WHAT YOU ARE ASKED TO DO — Leave out the pictures and set down the rest of the listing below word for word.

RAW DATA —
......

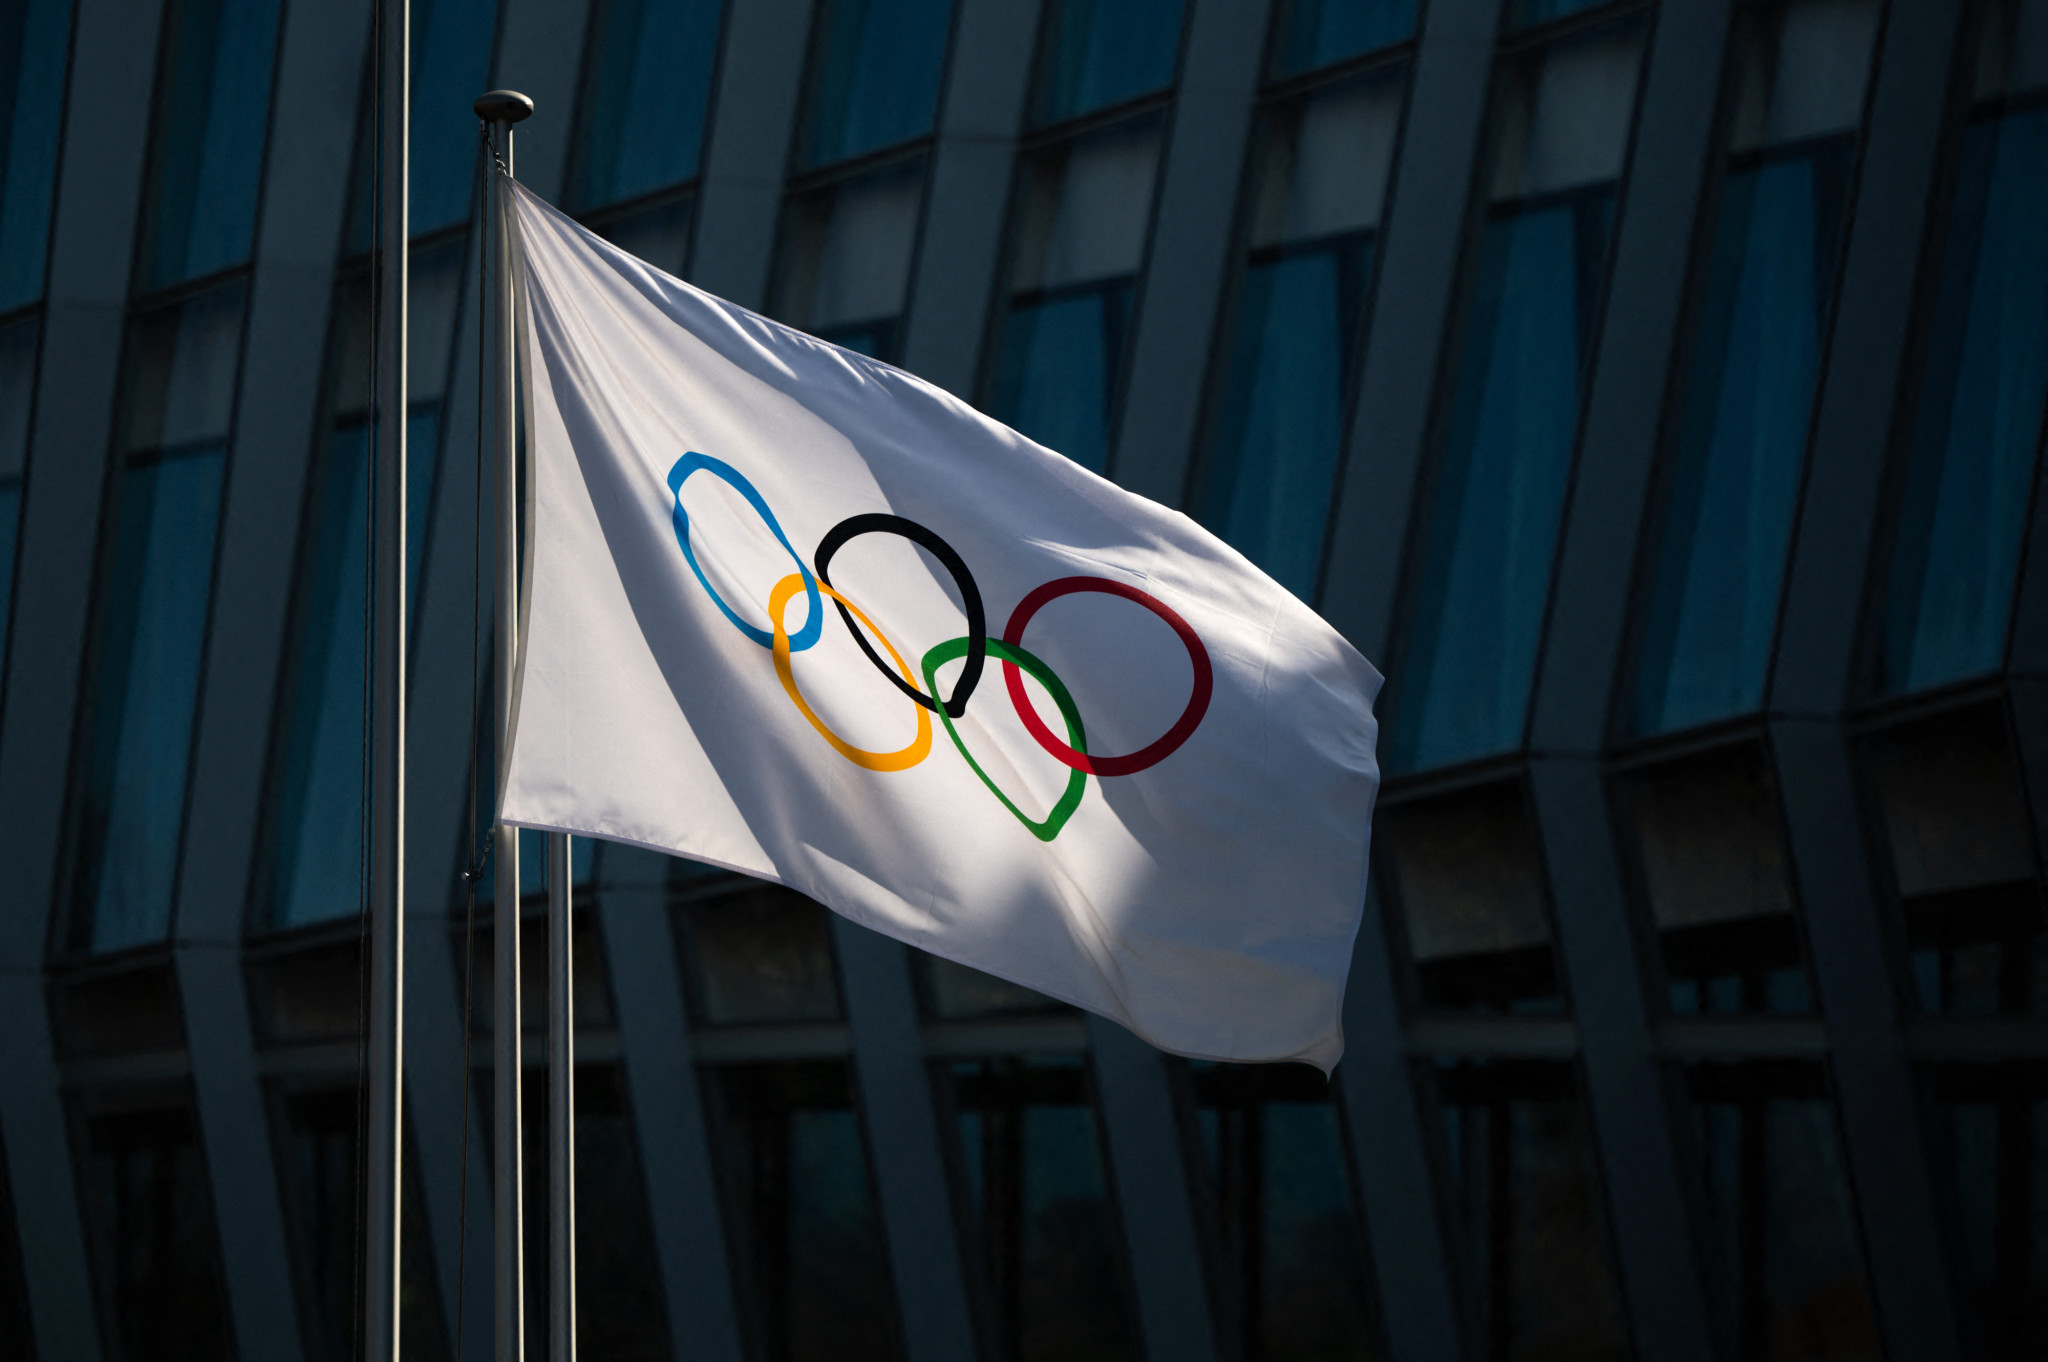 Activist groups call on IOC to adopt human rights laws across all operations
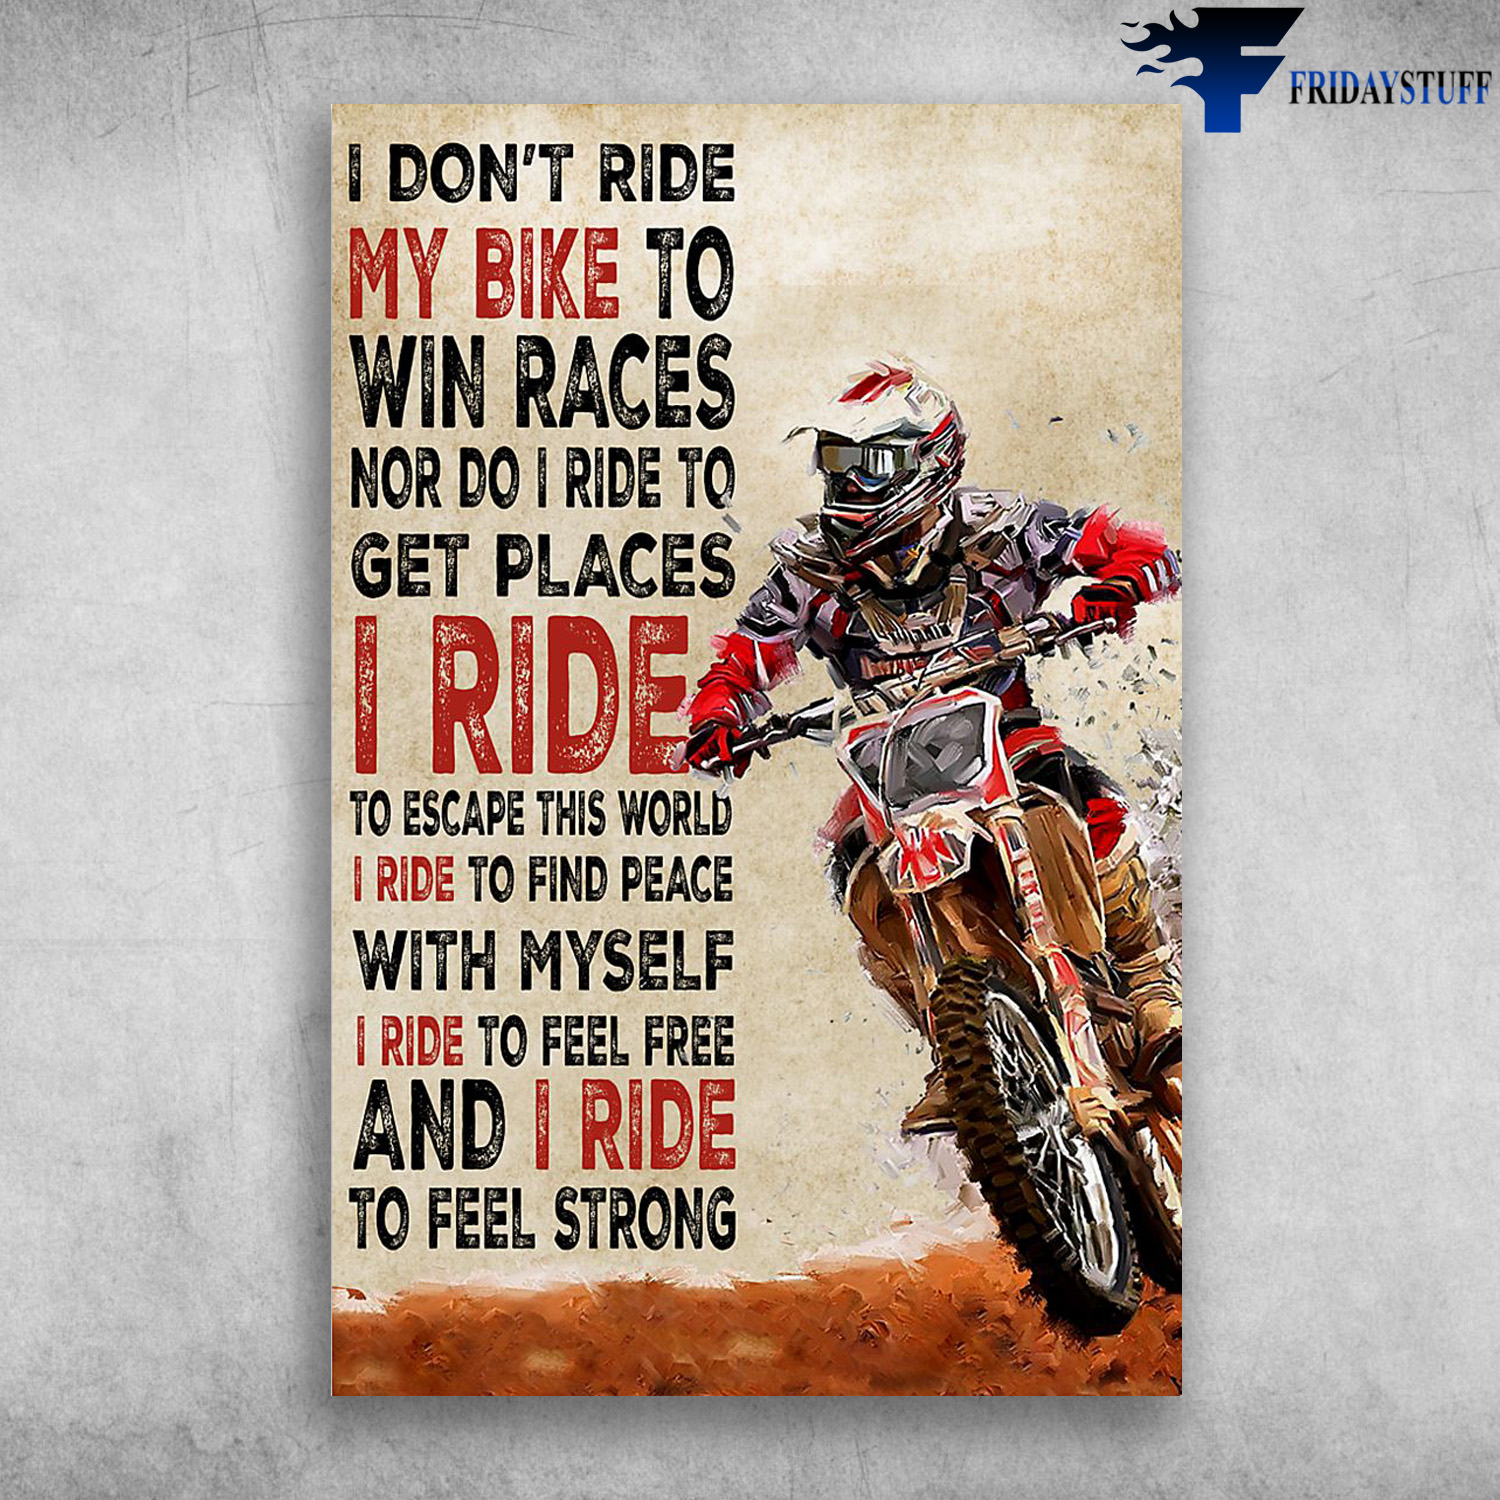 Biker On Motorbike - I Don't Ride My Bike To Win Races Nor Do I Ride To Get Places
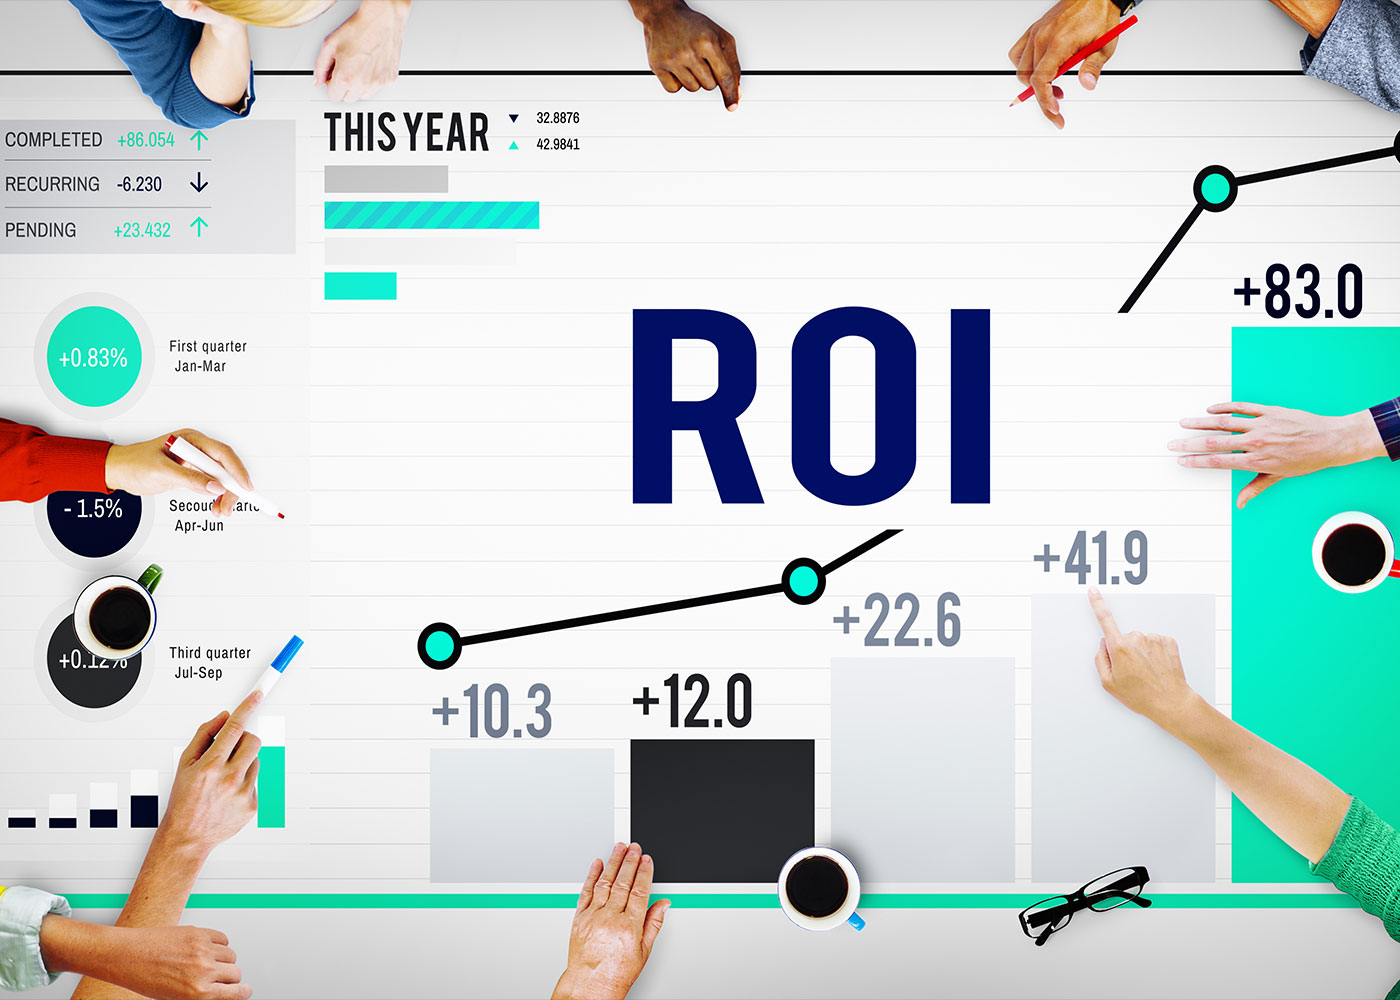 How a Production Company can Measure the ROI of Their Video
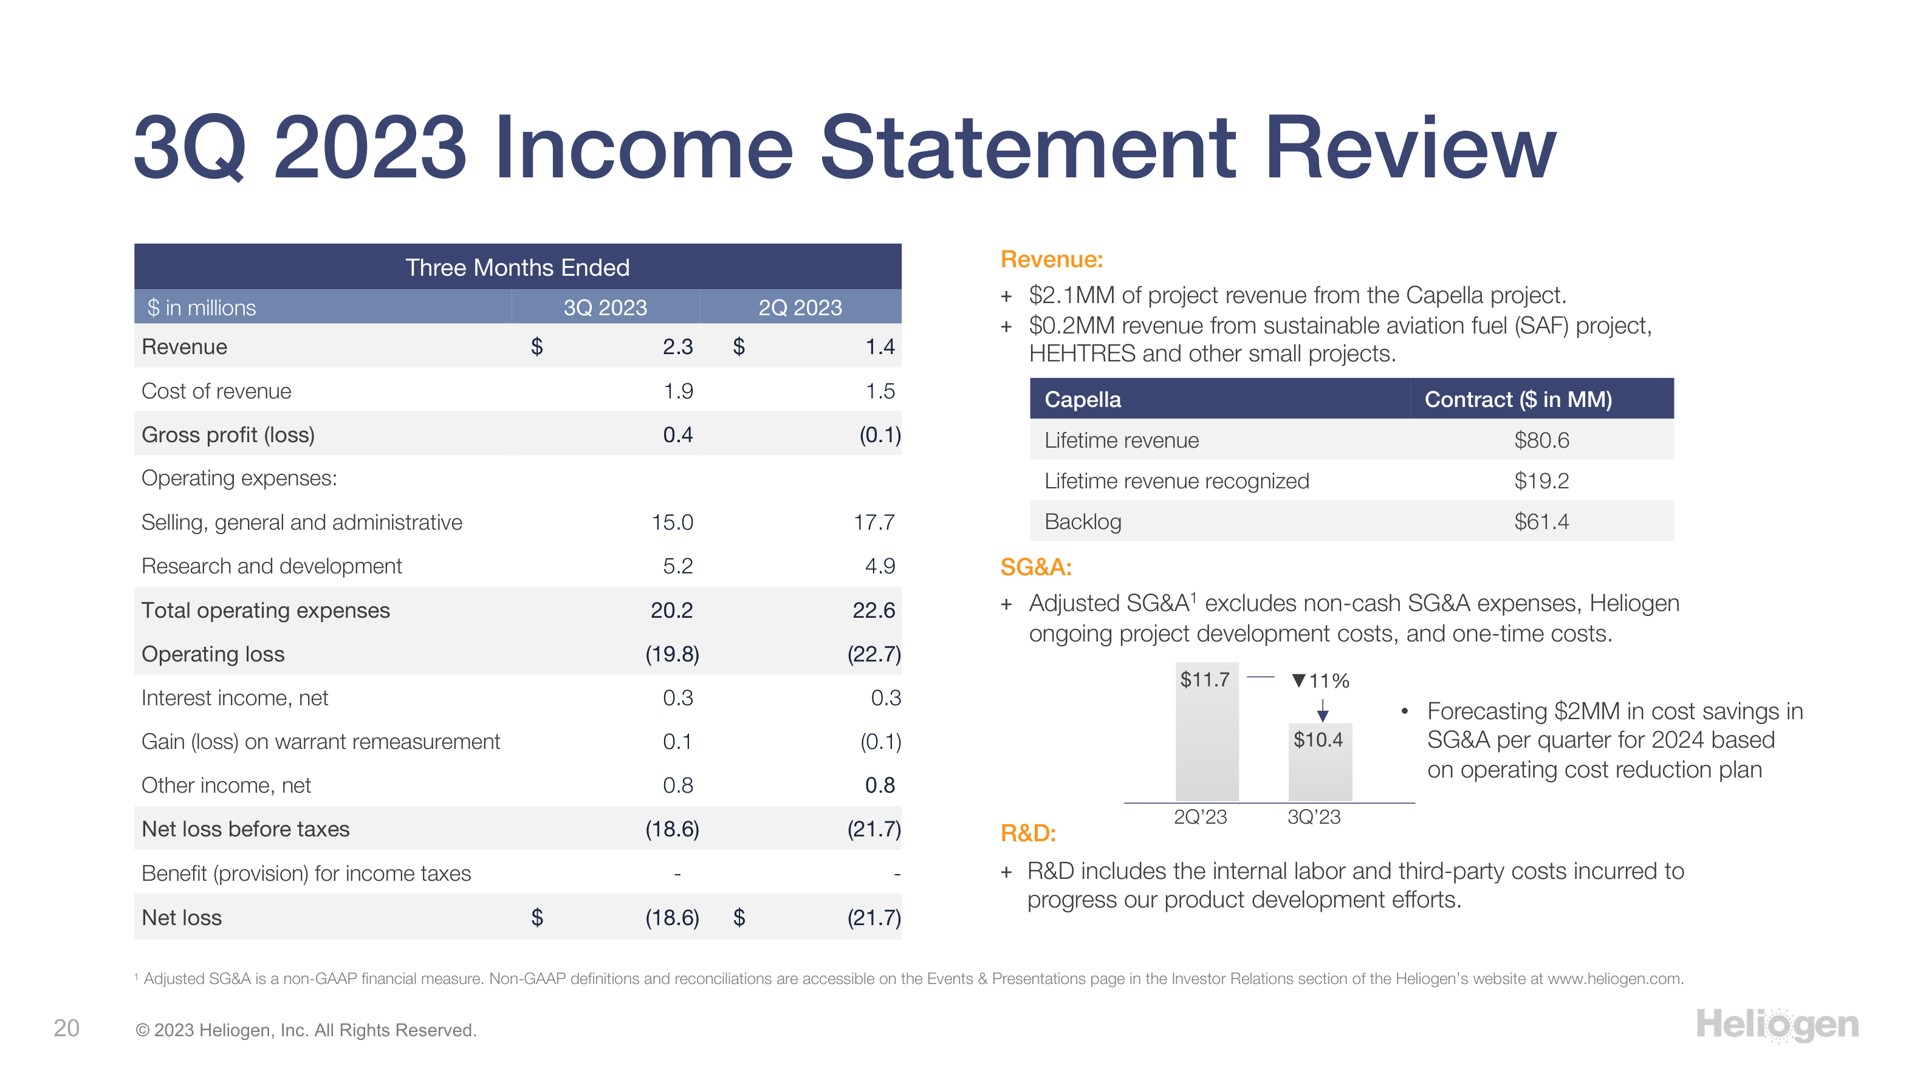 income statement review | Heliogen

......

SOLUTION —
 Activist groups call on IOC to adopt human rights laws across all operations
 Biker On Motorbike - I Don't Ride My Bike To Win Races Nor Do I Ride To Get Places
 How a Production Company can Measure the ROI of Their Video
 income statement review | Heliogen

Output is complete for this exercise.